§ **Task goal**
Without copying any picture, return all lines below exactly.

§ **Supplied data**
+ + + + + + +

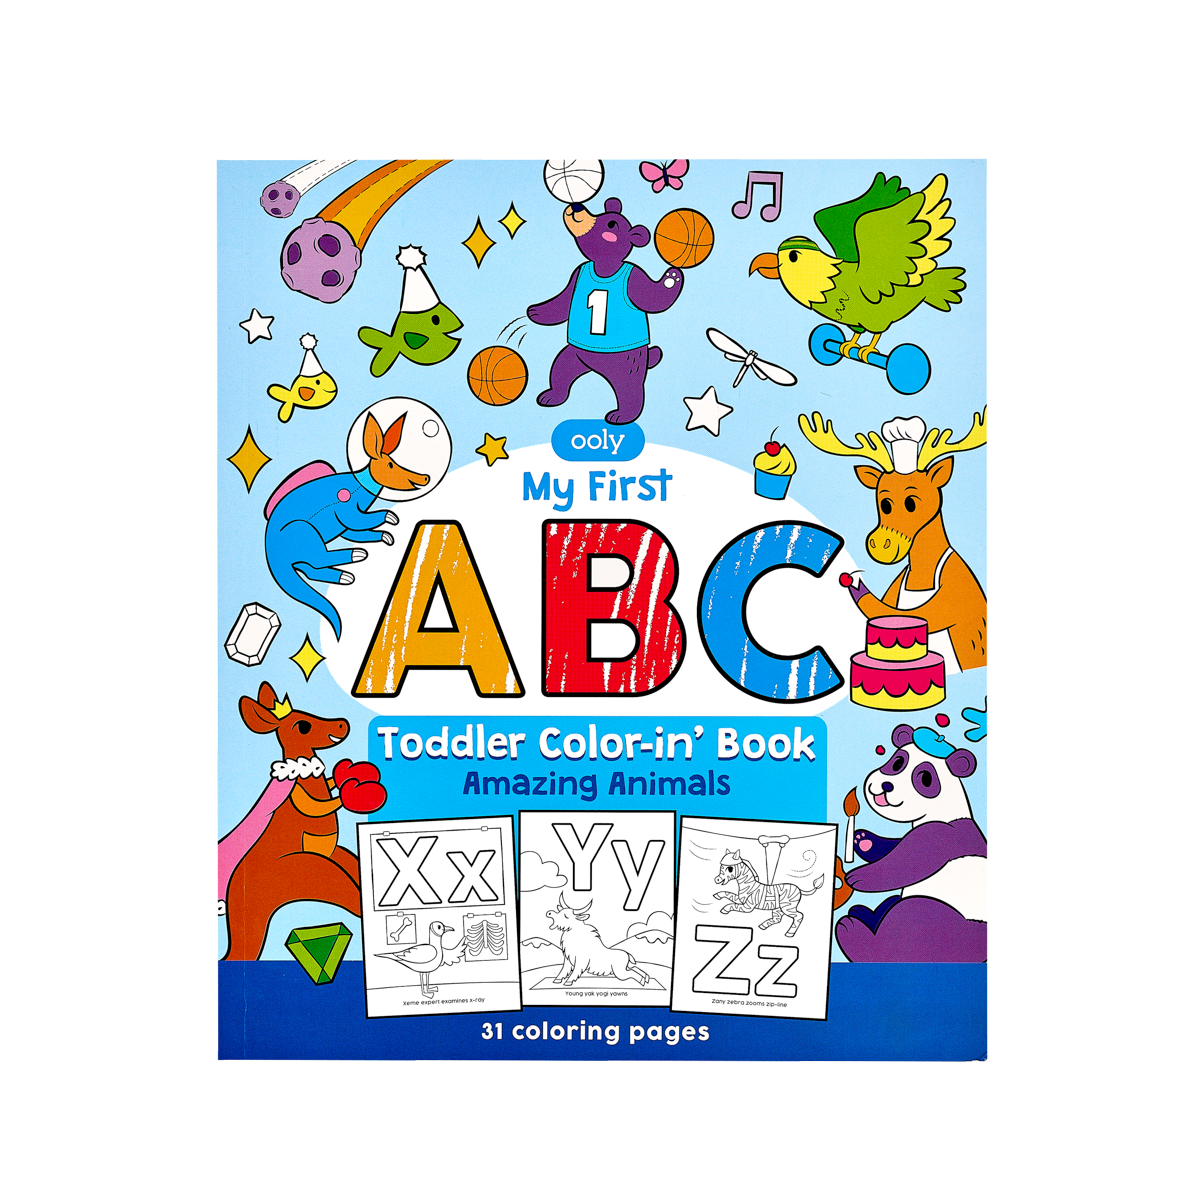 ABC BIG & JUMBO Coloring Book for Toddlers: An Alphabet Toddler
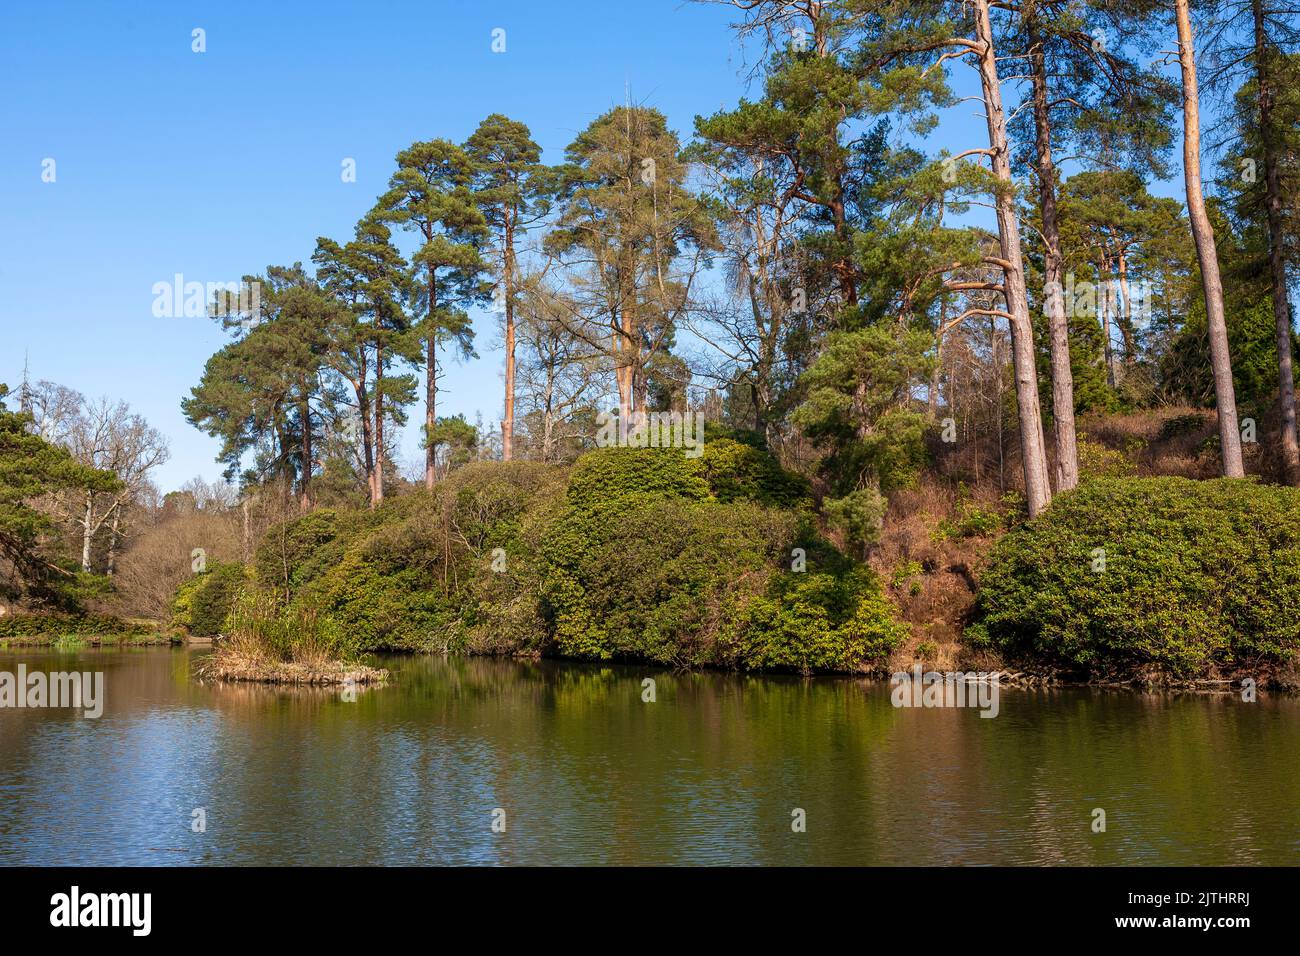 The Top Ponds at Leonardslee Gardens, West Sussex, England, UK, on a fine Spring day Stock Photo
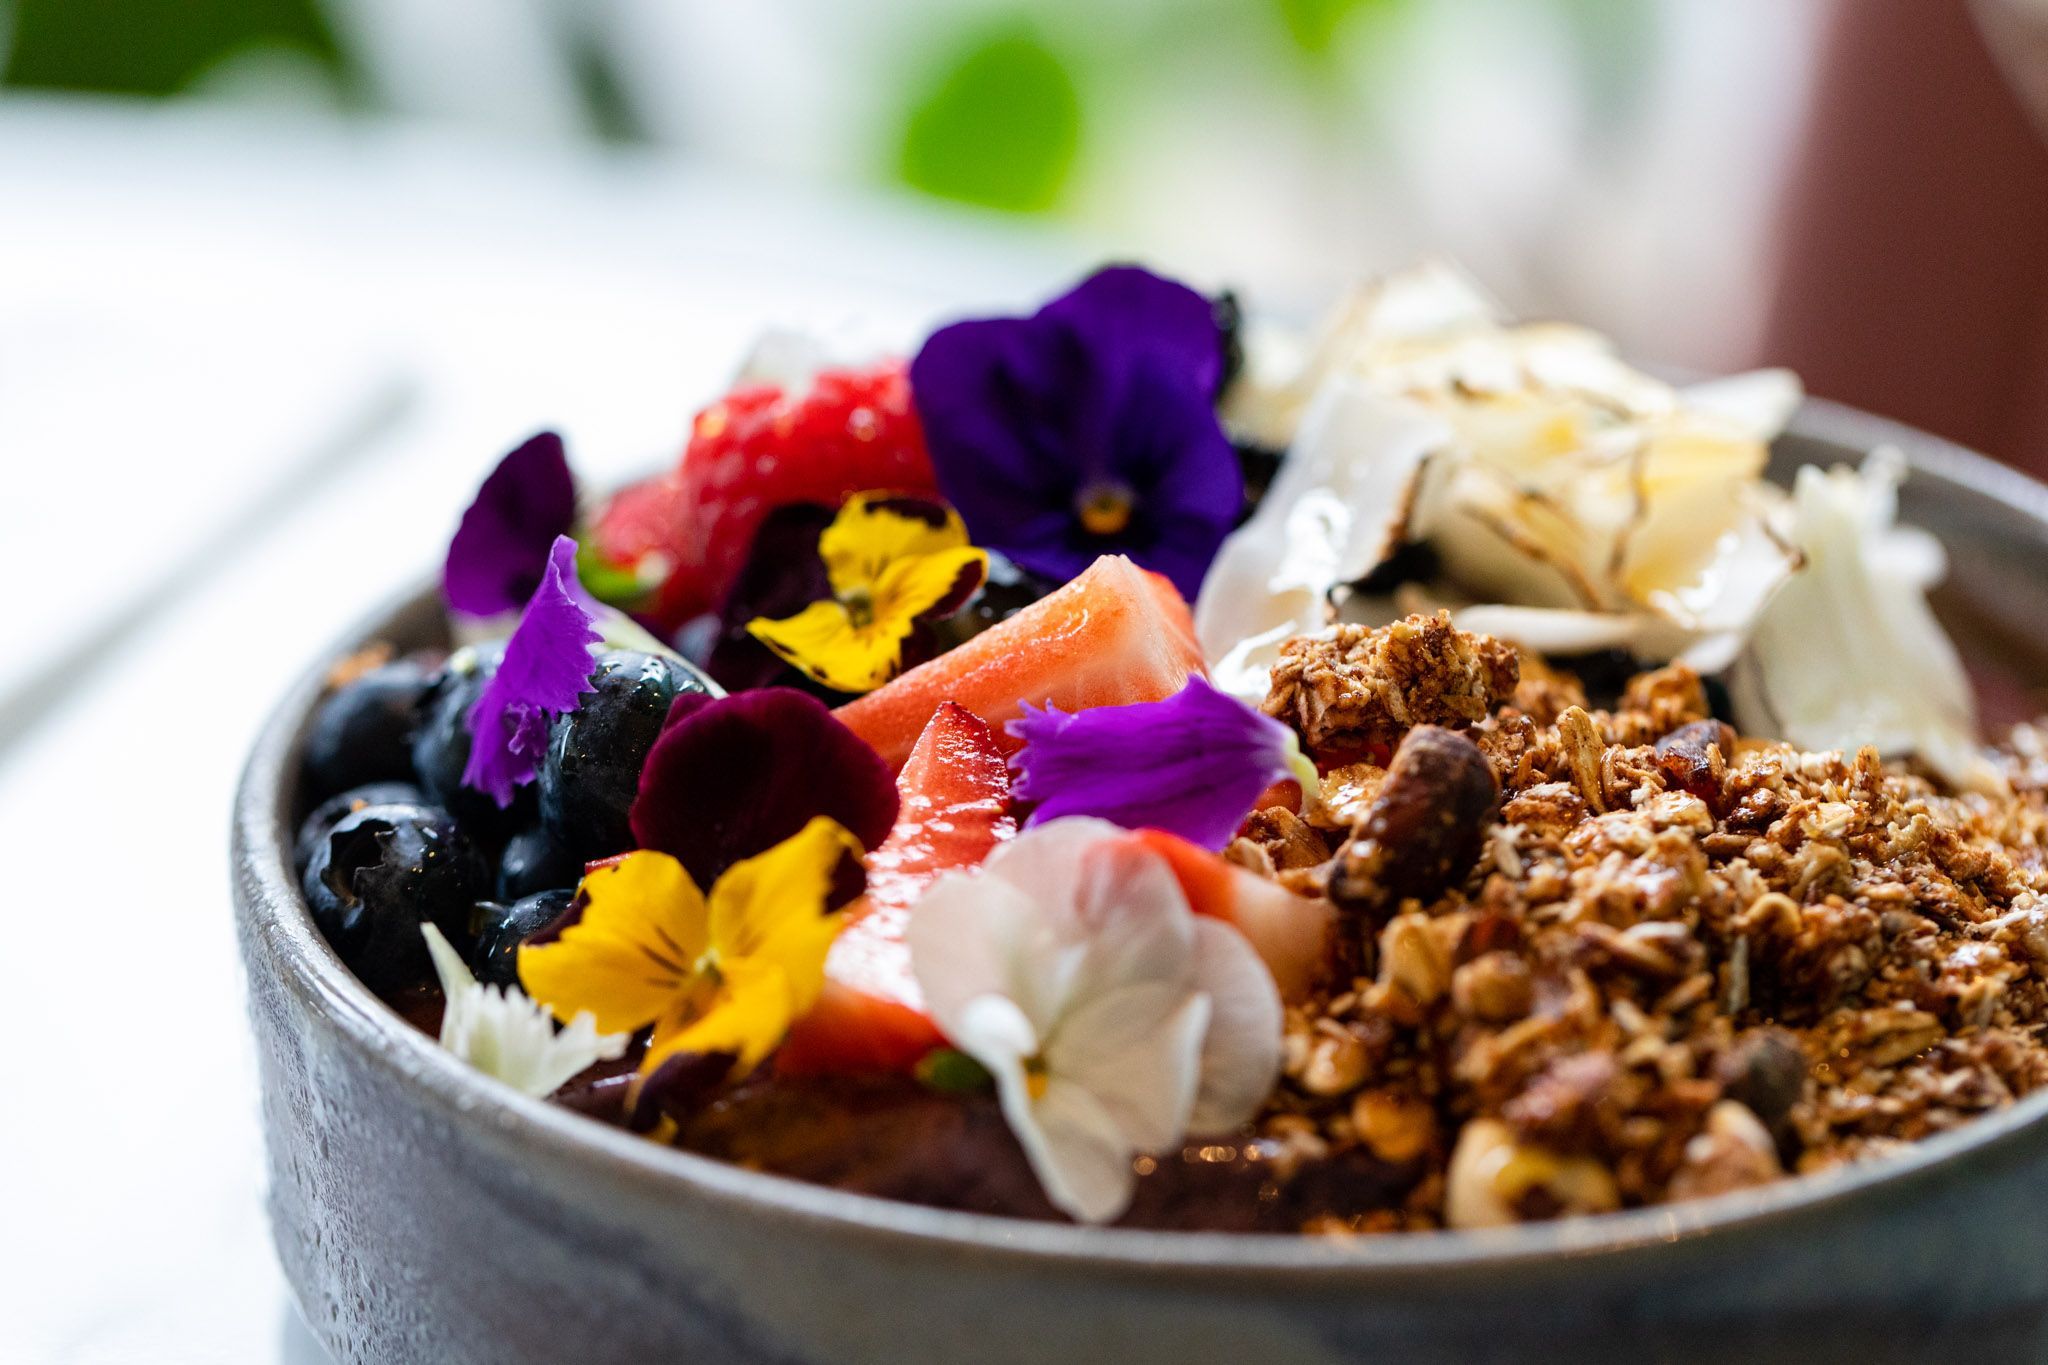 close up shot of the grey bowl filled with granola, fruits, and small flowers as decoration
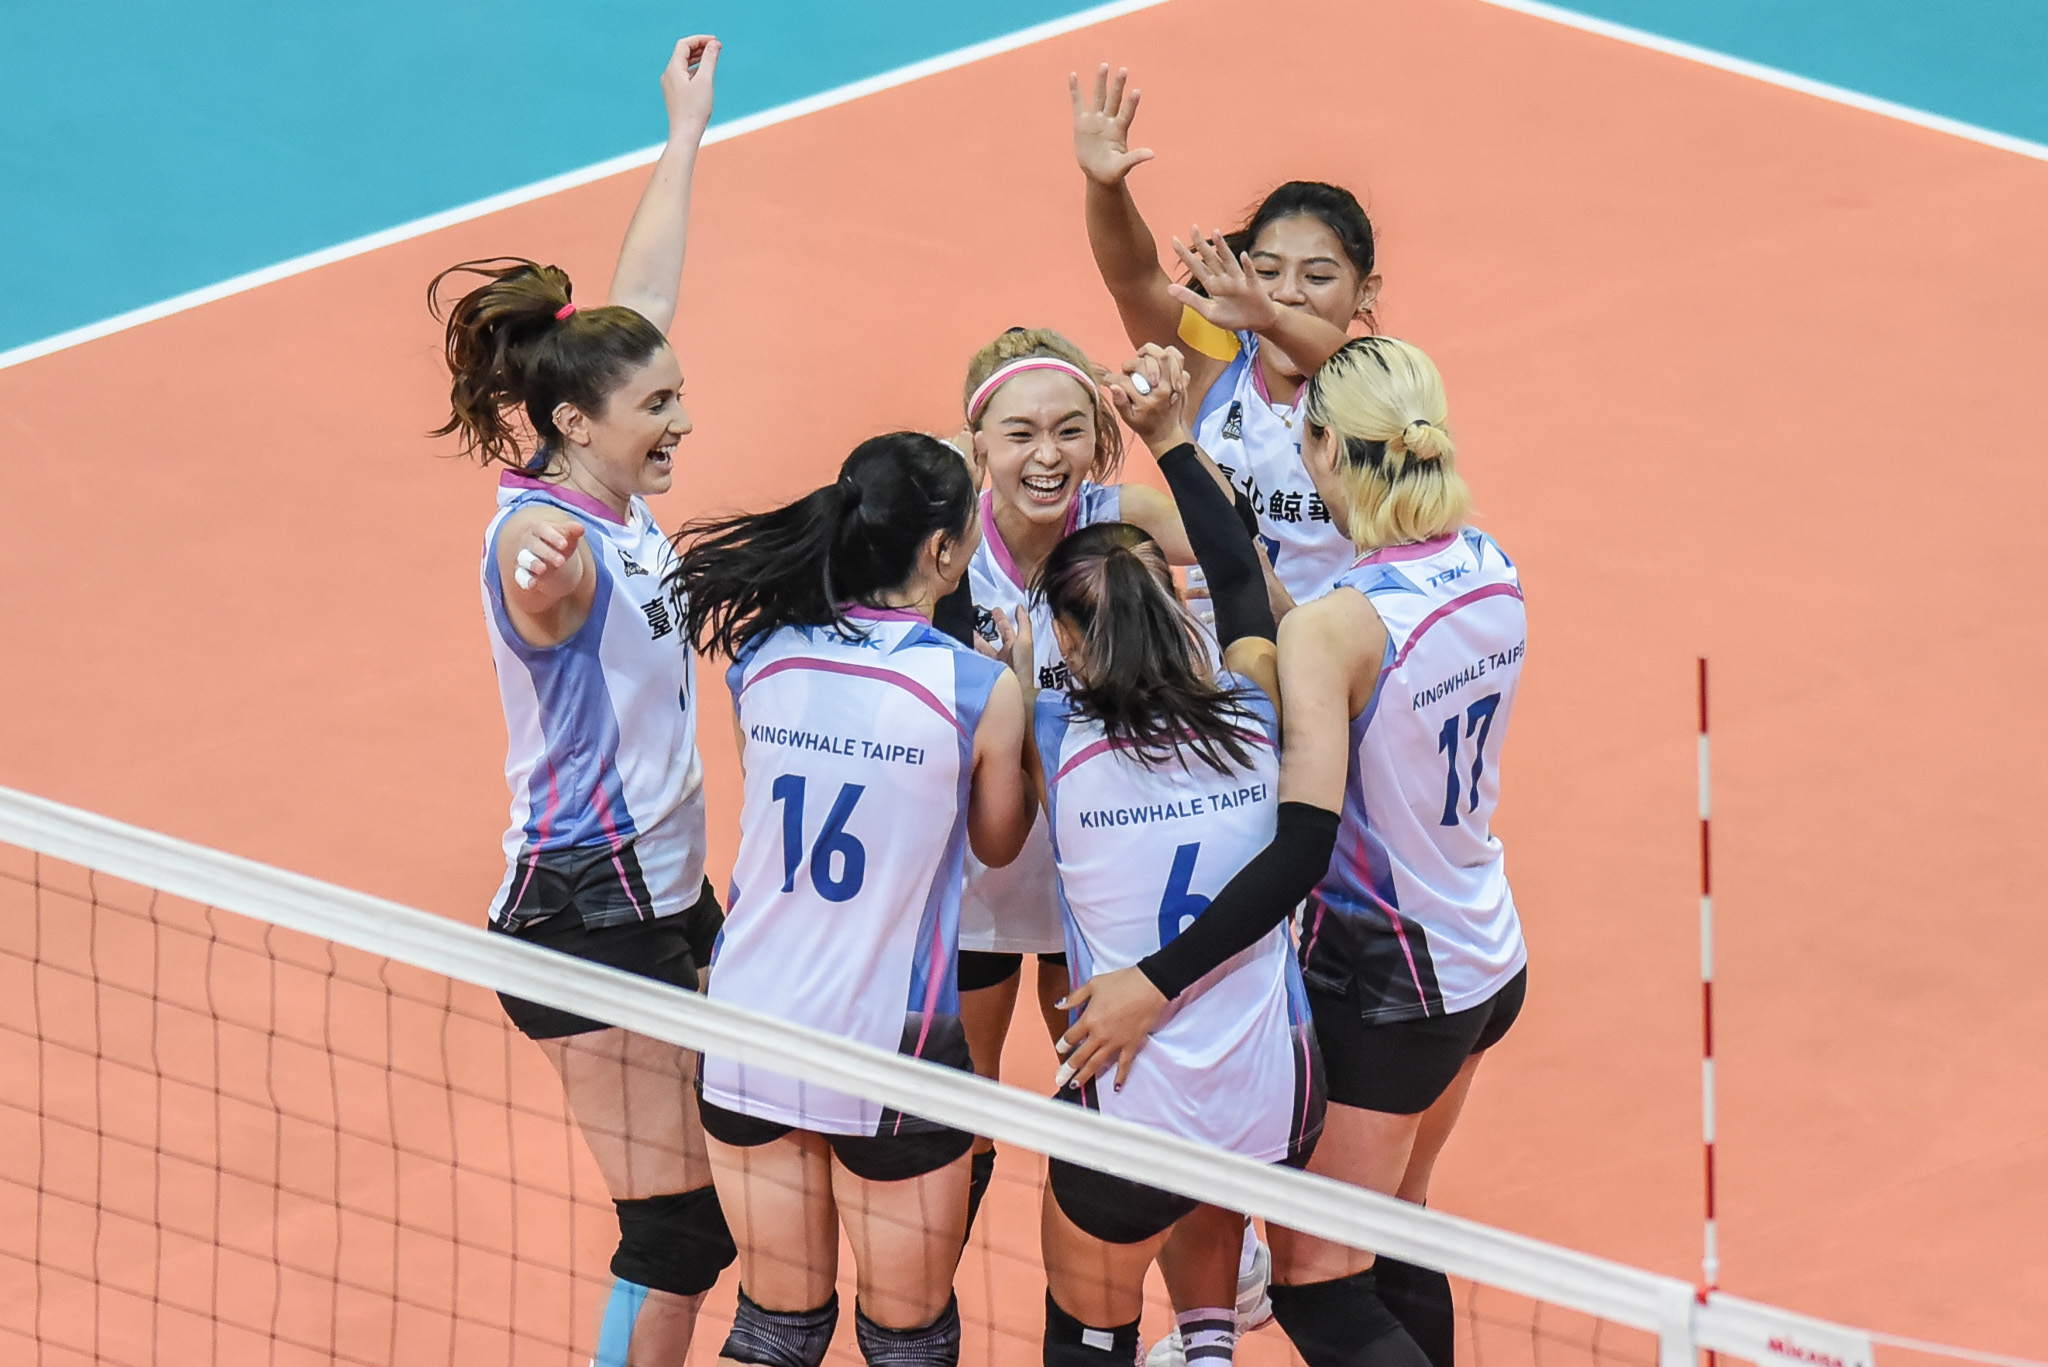 Taiwan-based KingWhale squad in the PVL Invitationals.

+ + + + + + +

§ **Response for this exercise**
 ABC BIG & JUMBO Coloring Book for Toddlers: An Alphabet Toddler
 The Top Ponds at Leonardslee Gardens, West Sussex, England, UK, on a fine Spring day Stock Photo
 close up shot of the grey bowl filled with granola, fruits, and small flowers as decoration
 Taiwan-based KingWhale squad in the PVL Invitationals.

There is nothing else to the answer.